* [PROMPT]
Start at the line below containing "TURBO TROUBLE: 2018" and stop at the line containing "a car wash.". Repeat every line of that stretch exactly, and nothing outside it.

* [DATA TO EXAMINE]

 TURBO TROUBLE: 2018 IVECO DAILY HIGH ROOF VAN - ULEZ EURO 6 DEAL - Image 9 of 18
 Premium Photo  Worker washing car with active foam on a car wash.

...

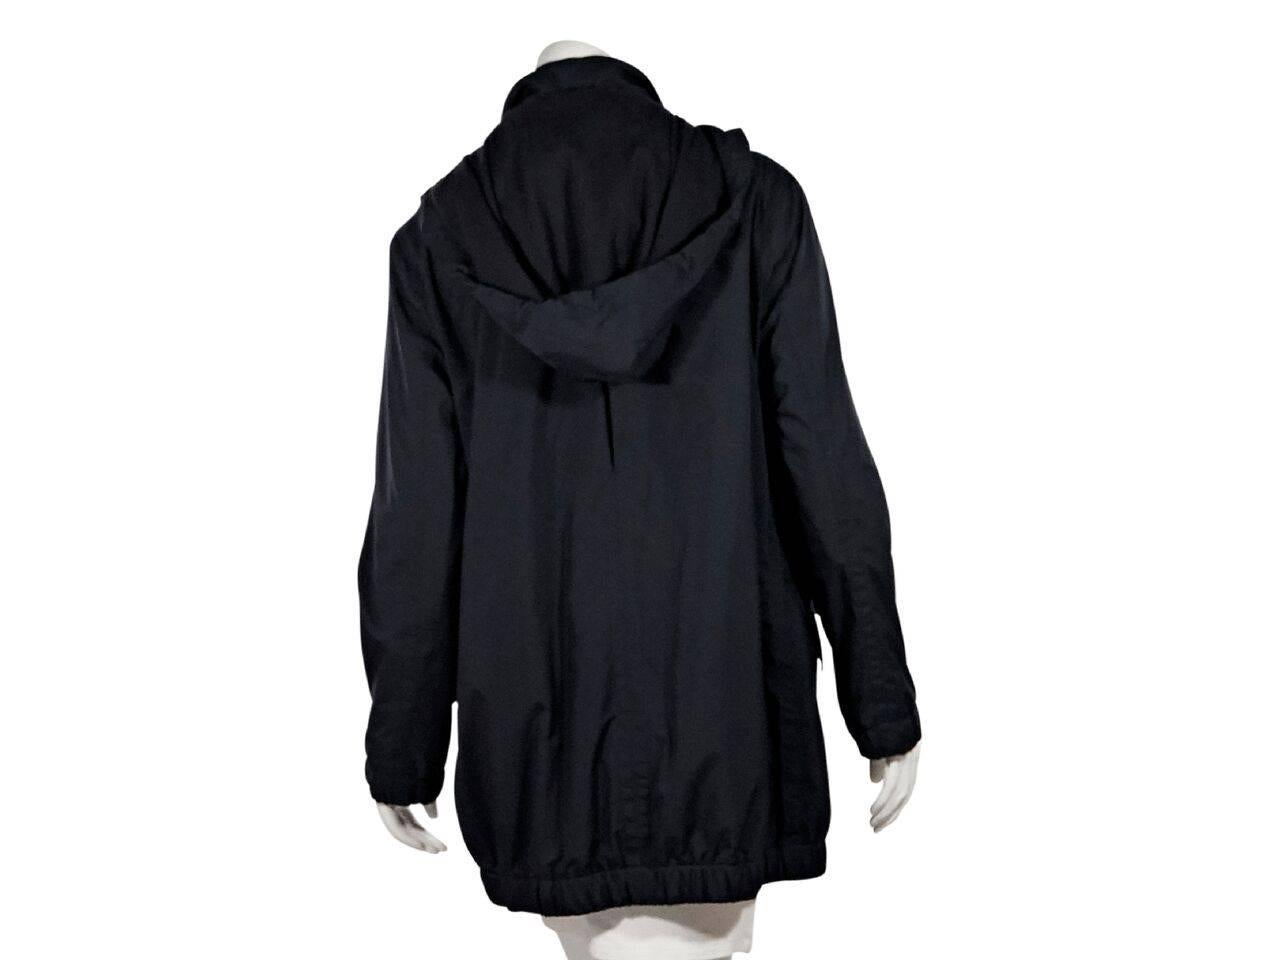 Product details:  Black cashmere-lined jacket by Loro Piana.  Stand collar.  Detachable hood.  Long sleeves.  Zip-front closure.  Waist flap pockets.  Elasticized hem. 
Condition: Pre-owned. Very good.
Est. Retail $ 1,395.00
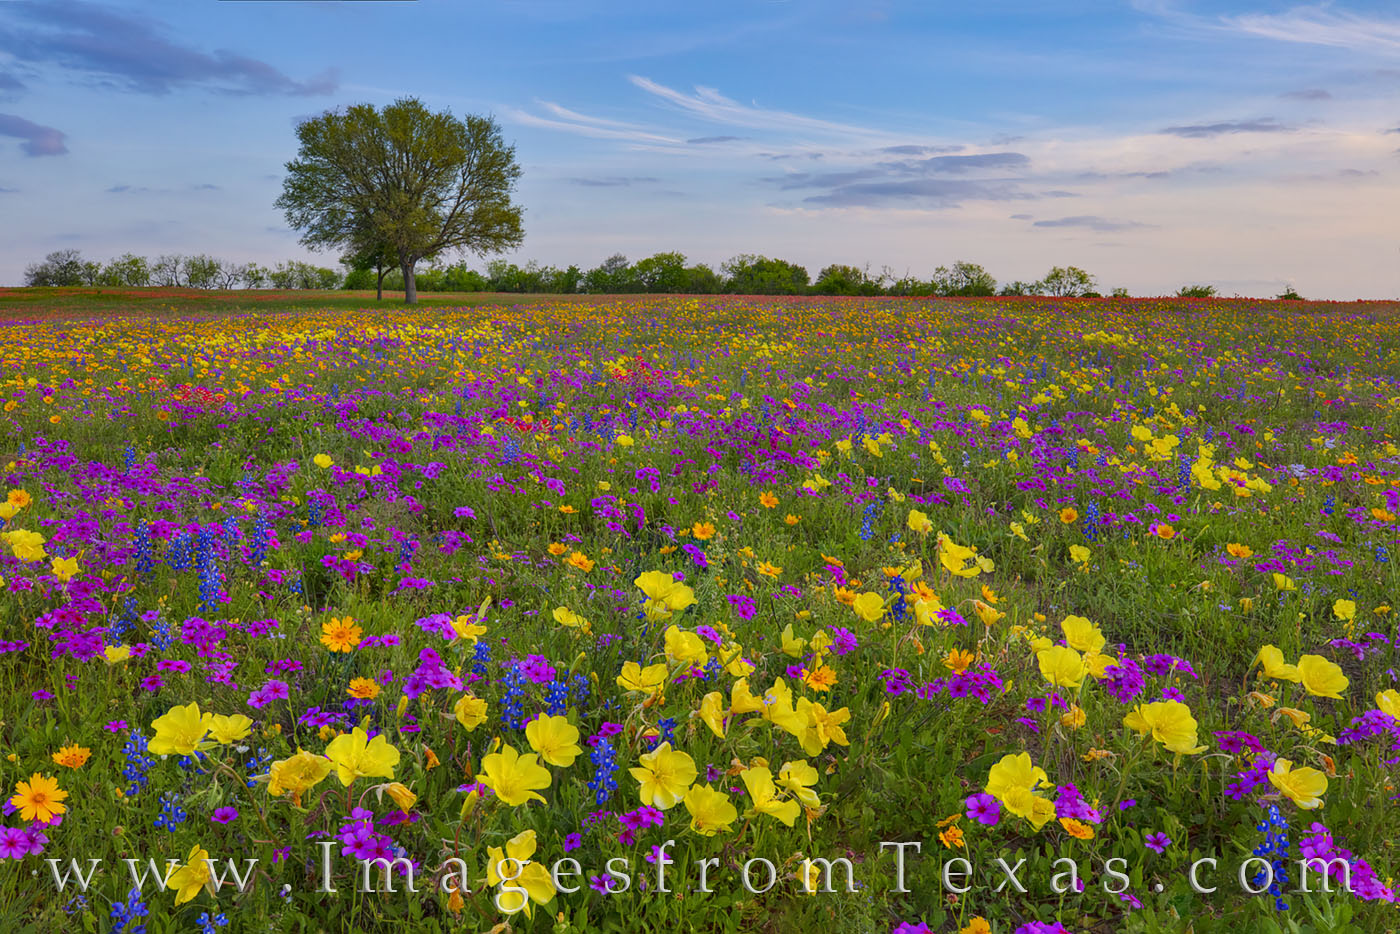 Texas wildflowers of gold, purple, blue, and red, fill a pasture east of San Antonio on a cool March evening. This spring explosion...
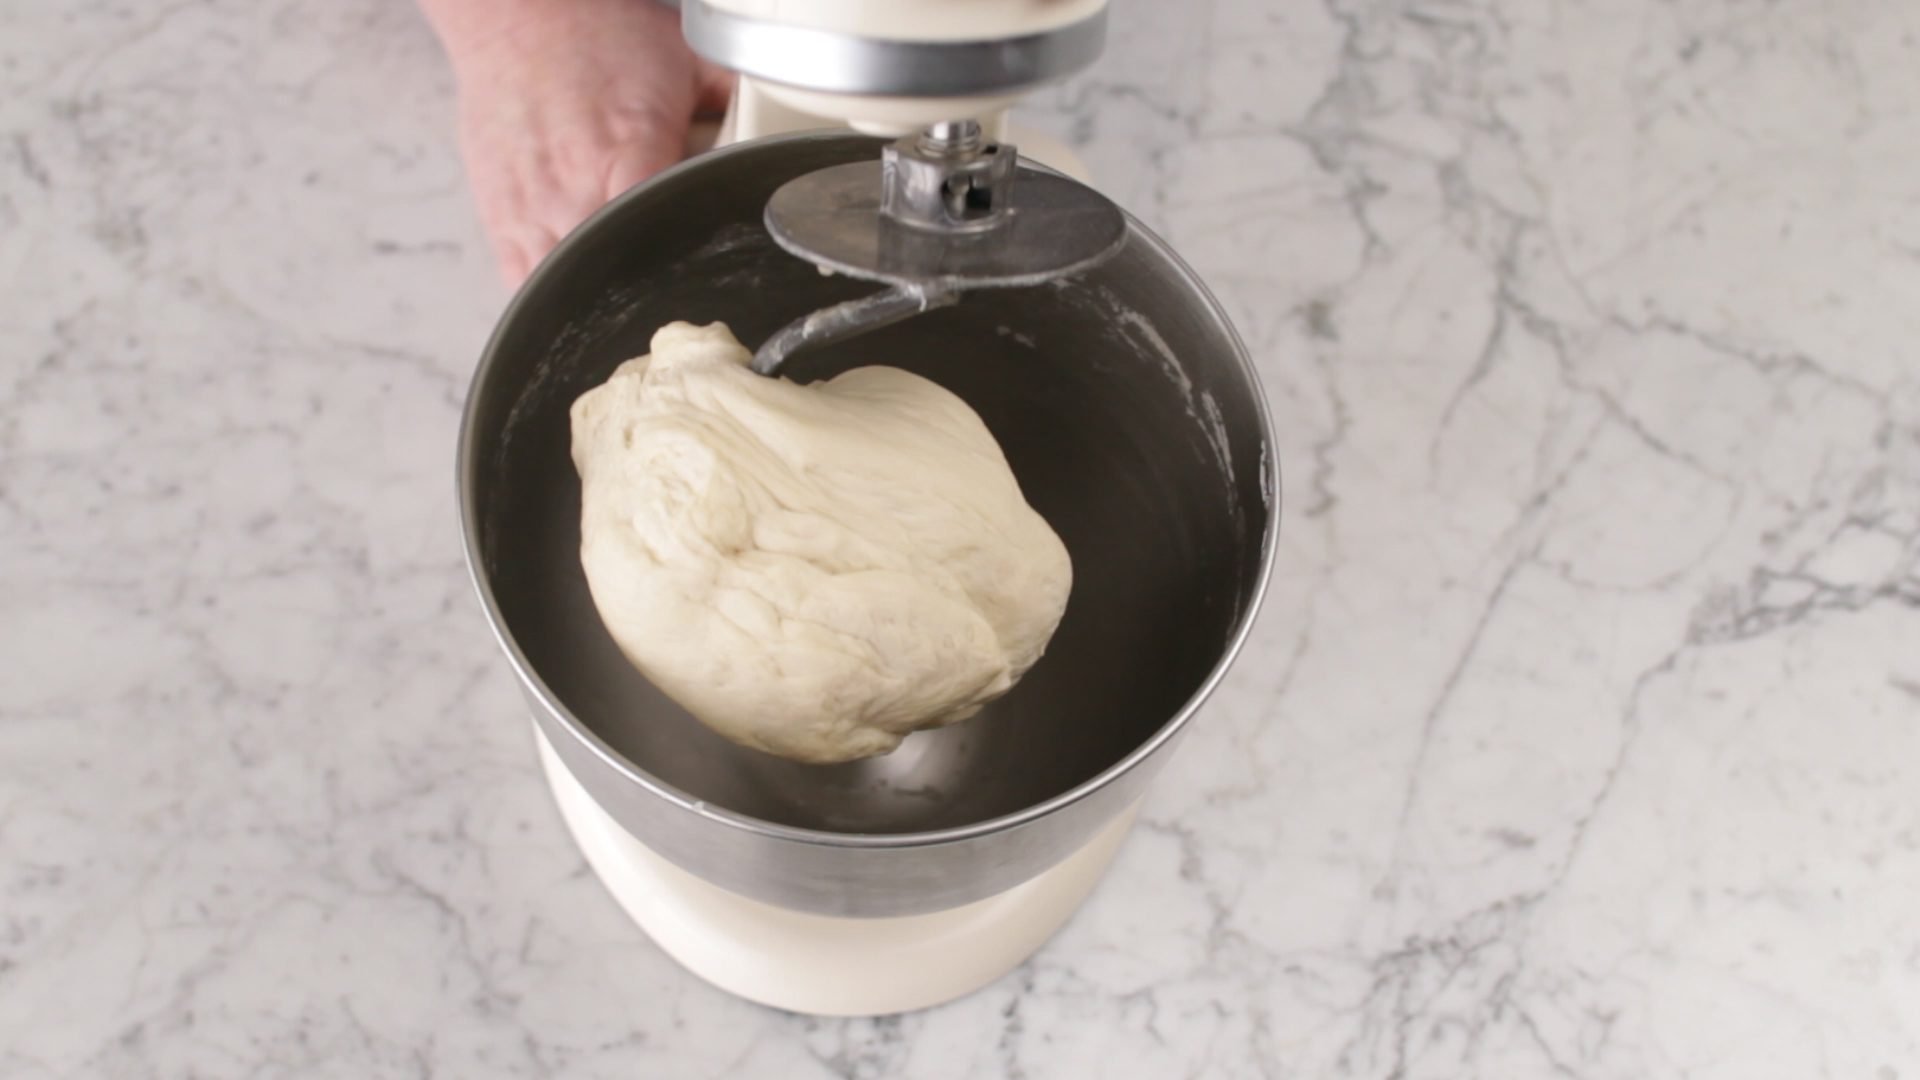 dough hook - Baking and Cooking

* [EXERCISE SOLUTION]
 TURBO TROUBLE: 2018 IVECO DAILY HIGH ROOF VAN - ULEZ EURO 6 DEAL - Image 9 of 18
 Premium Photo  Worker washing car with active foam on a car wash.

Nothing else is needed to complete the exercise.